Posted on October 18, 2013


This is the twenty-seventh in a series of verse-by-verse expositions of the book of Romans. This message was delivered at Hillcrest Baptist Church on the morning of October 13, 2013. This message deals with the between the law and sin. This post contains an audio recording of my message, along with my sermon notes and a study outline. Please note that the sermon notes are not a full transcript.

AUDIO – Listen Now:


Rom 7_7-13


Rom 7_7-13 Outline


Romans 7:7-13

Paul had just talked a lot about the law, and he wanted to make certain his readers did not conclude (from v v. 4–6) that the law itself was evil.

The law is not sin, but the law reveals God’s divine standard.

As believers compare themselves against that standard, they will accurately identify sin, by their failure to meet that standard.

By using an example from his own life, Paul illustrates how the law revealed sin to him.

He refers to the 10th commandment.

Exodus 20:17

The word “opportunity” speaks to a starting point for sin.
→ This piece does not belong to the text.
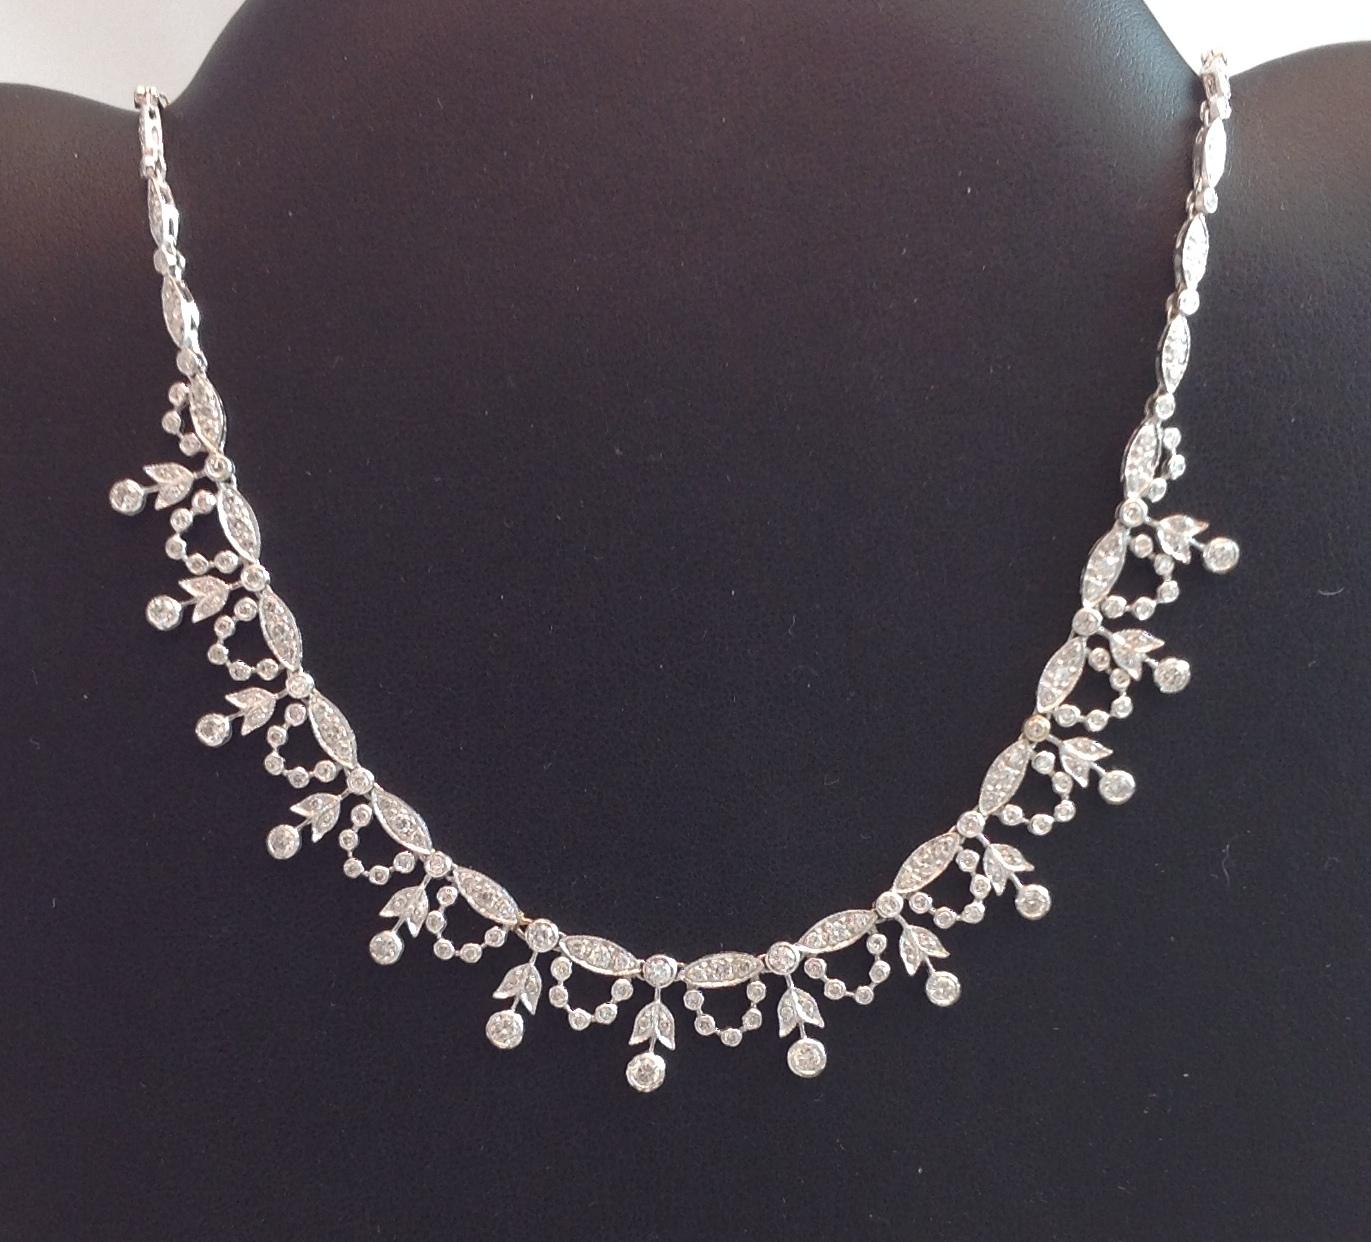 14kt White Gold Diamond Neckpiece

For every sinful act we commit, there is first an opportunity.

That opportunity then produces evil desire, which is ultimately manifested in the sinful act.

In this case, the opportunity came by way of the law.

By the law, sin was made known.

This new knowledge created a desire to do that which was forbidden.

This goes all the way back to the garden of Eden, where there was but one law:

Genesis 2:17

Satan saw an opportunity in that law, and he exploited it.

Suddenly, Adam and
Eve saw this thing that had been forbidden.

Naturally, they would wonder what great things they were missing.

In fact, this is the very tact that Satan used.

Genesis 3:5

Greatness is the promise of sin, yet all it can deliver is death.

Even so, we continue to be enticed. We always want what we are told we can’t have.

It is the preference of our own will over the will of God.

“for apart from the law, sin was dead”

Dead, in this sense, more precisely refers to a dormant state, where sin remained inactive.

In fact, sin always involves a decision.

The law brings a list of rules which require us to make decisions.

It is when we are faced with a decision, that sin has the opportunity to spring to life.

“Without the law.”

This is not referring to ignorance of or lack of concern for the law.

Phil. 3:6

It is referring to an external, imperfect conception of it.

“When the commandment came.”

When he began to understand the true requirements of God’s moral law, at some point prior to his conversion, sin came alive.

He realized his true condition as a desperately wicked sinner

1 Tim. 1:15

“I died.”

He realized his deadness, spiritually; that all his religious credentials and accomplishments were meaningless.

Phil. 3:7–8

Paul realized the lie of legalism.

Faith in the law does not bring life, it brings death.

No one is justified by the law, for only one person can keep the law perfectly.

Romans 3:20

2 Corinthians 5:21

By leading him to expect life from his keeping of the law, when what he found was death (v. 10), he was deceived.

By convincing him that he is acceptable to God because of his own merit and good works, he was deceived.

The fact that the law reveals, arouses, and condemns sin, bringing death to the sinner, does not mean that the law is evil.

Rather the law is a perfect reflection of God’s holy character.

Psalm 19:7-11

Romans 7:14

Romans 7:22

It is the standard for believers to please God, but faith in Christ must be the foundation.

Sin is the cause of death, not the law.

When he has said that the law brings death, he is referring to reliance on the law, and your own good works rather than Christ.

The law itself is good, it is God’s perfect standard.

The law brings an awareness of the true nature of sin and its deadly character.

This brings the sinner to see his need of salvation—the very purpose God intended the law to serve.